We met up with a ranger along the way, who went by the name of Elvira Noboner. Her last name probably originate from the fact that her family came from a long line of women. As do most people's families, except for the fact that there were no men in her entire family tree. I don't know how it was possible, but then again, I didn't think to ask. I probably should have.

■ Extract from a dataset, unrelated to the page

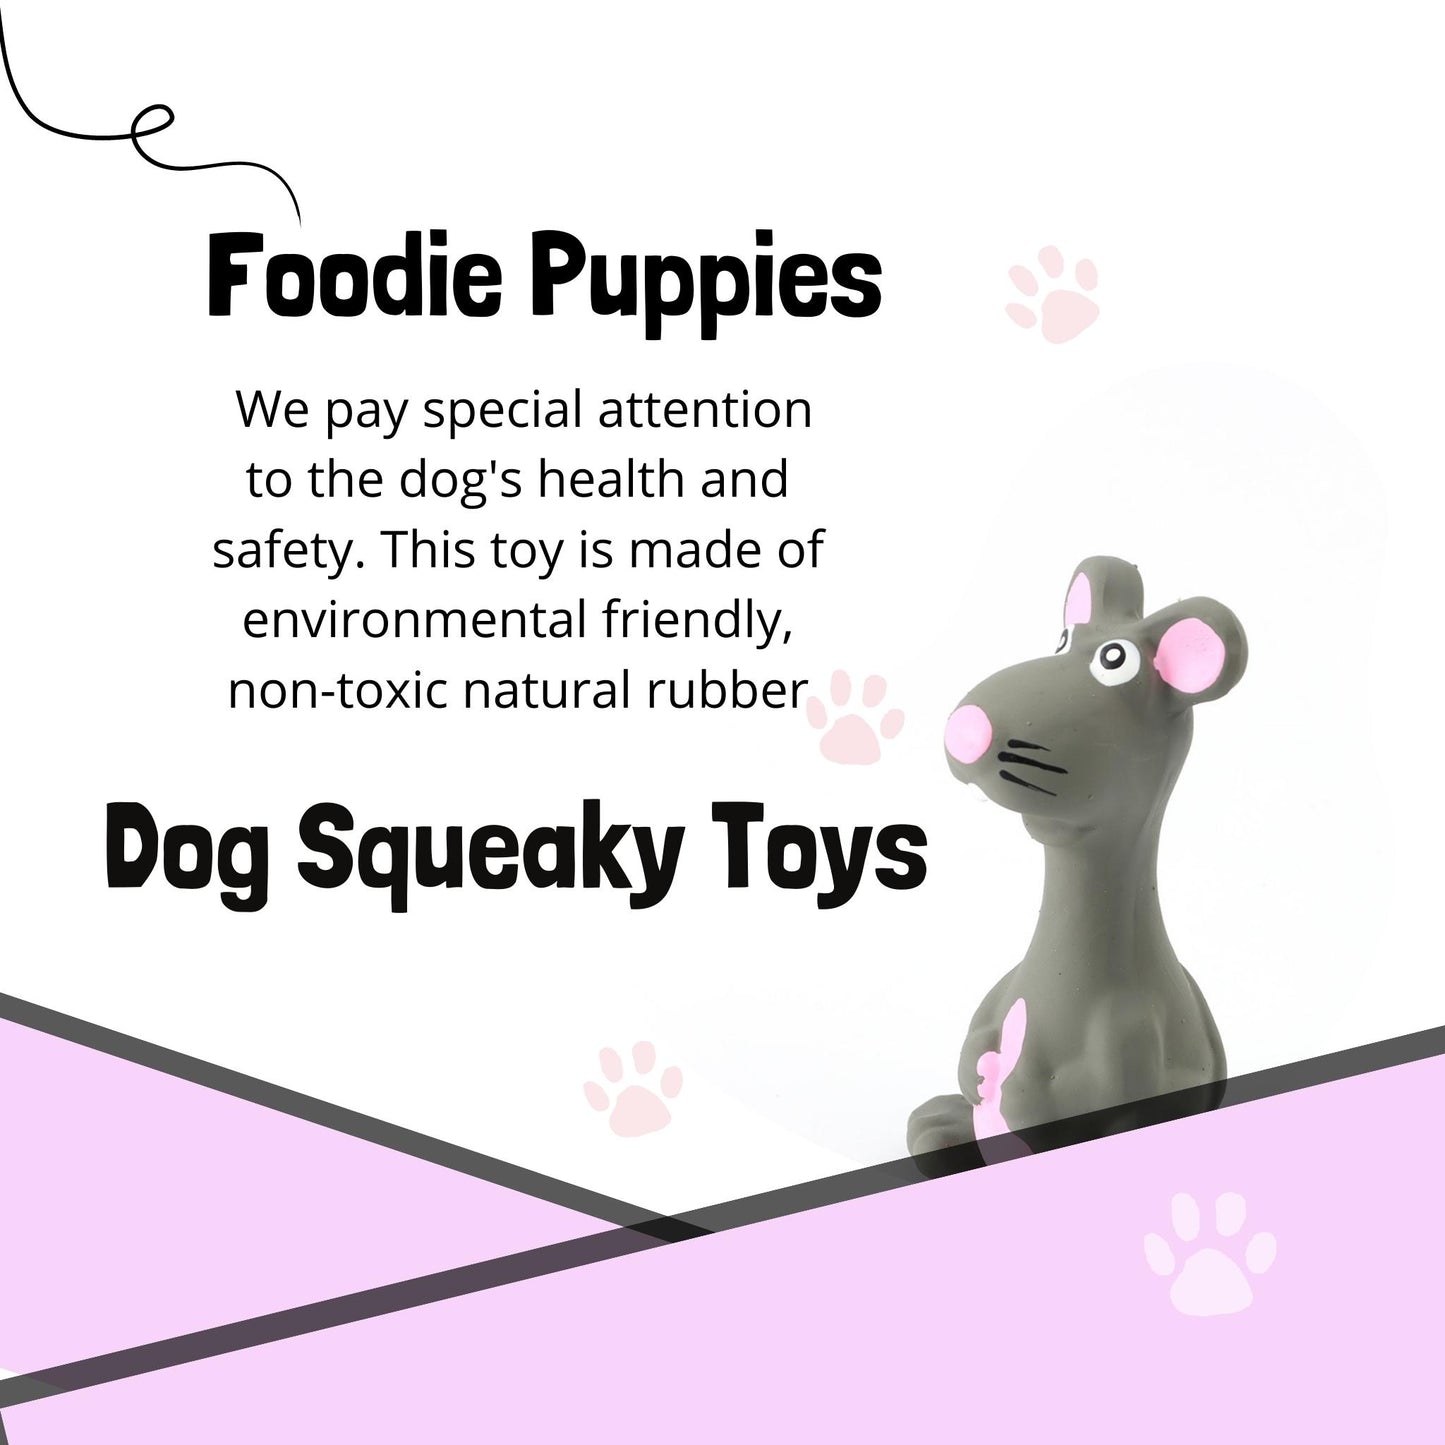 Foodie Puppies Latex Rubber Squeaky Dog Chew Toy - Grey Mouse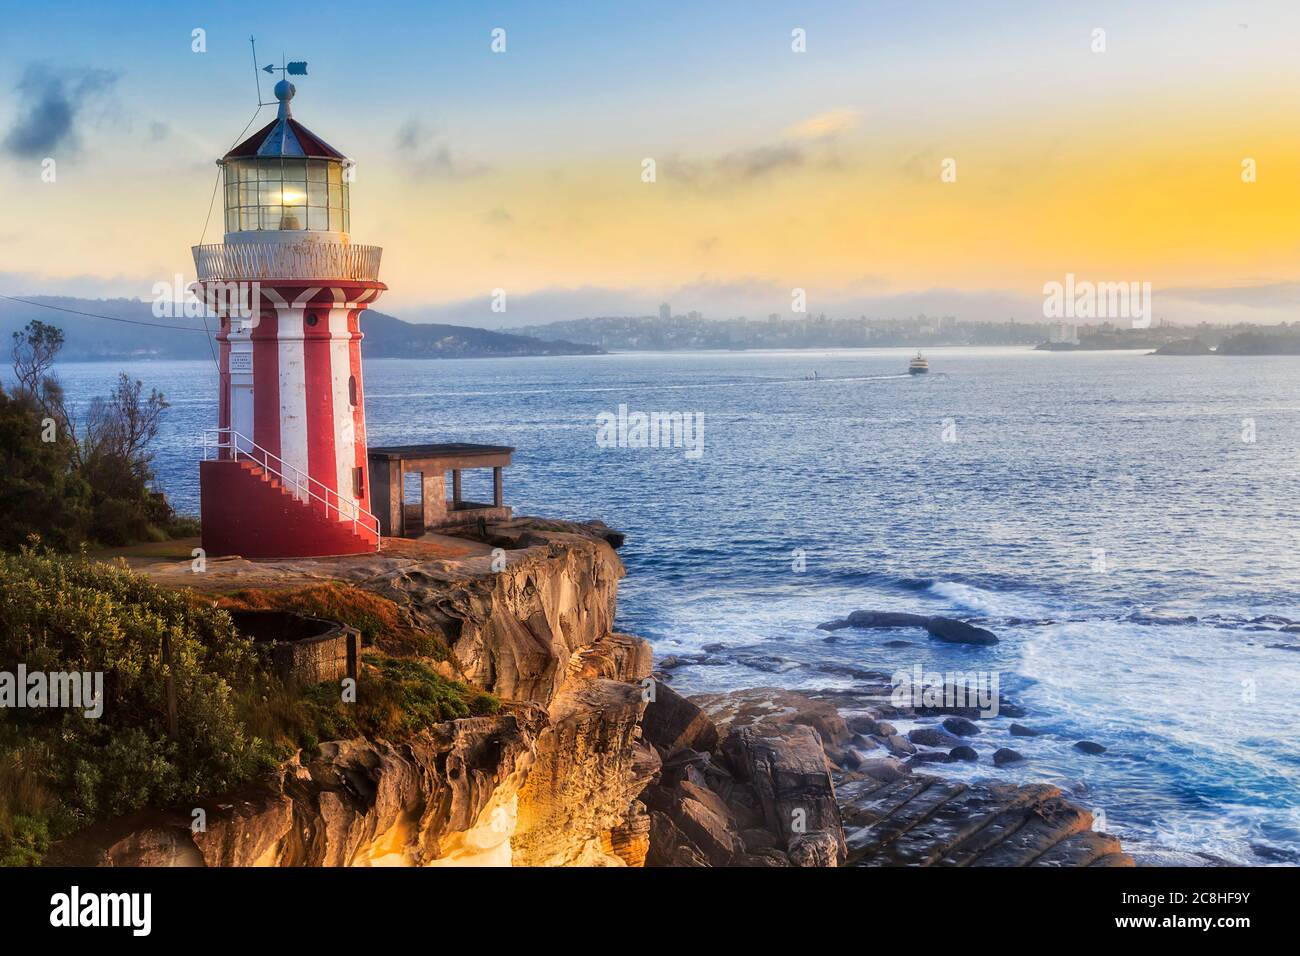 Hornby lighthouse and ferry from Sydney to Manly at sunrise on the edge of sandstone rock near Sydnay harbour entrance. Stock Photo

We also found us a wizard, but we had to bribe him to join us. His name was Pointyfinger Sparklytits McGee. Because his fingers were pointy, his nipples were sparkly, and obviously, his last name was McGee because wizards don't get boners.
The four of us made it to the Castle of Cold Days and Colder Nights (long-winded name for a castle, it could've just been called the Ice Palace) and defeated the grue guarding the entrance. I wish I could remember what the grue looked like, but Pointyfinger has cast a spell of forgetfulness because remembering what a grue looks like can cause debilitating effects to a person's mind, such as not remembering what a grue looked like in your dream even after you've woken up.
We ran up the exactly 224 stairs to her throne (it's a fairly small place compared to most mythical castles) and began the epic battle of good vs. chilly. When I finally came to I was naked chasing a friend of mine down the street with a small hammer. Apparently I was trying to skin him alive to hang him above the fireplace I didn't have, but would inherit as soon as my imaginary Uncle Frank Angryballs passed away from the many tumors he had in his head. I had already knocked down the new neighbor's front door and fractured my own rib. Also I had thrown a brick at the police officer who had arrived in response to a call from the neighbors on the opposite side of the fence of the guy who had just moved in. Thankfully I missed, and all of us except the guy who threw the party were let go after questioning. Although I had to pay for the damages to the officer's car.
Next question: Have you ever been so drunk that when you start writing a story you have to go back every few seconds to make sure that what you typed actually happened and your mind isn't making up new details as you go along?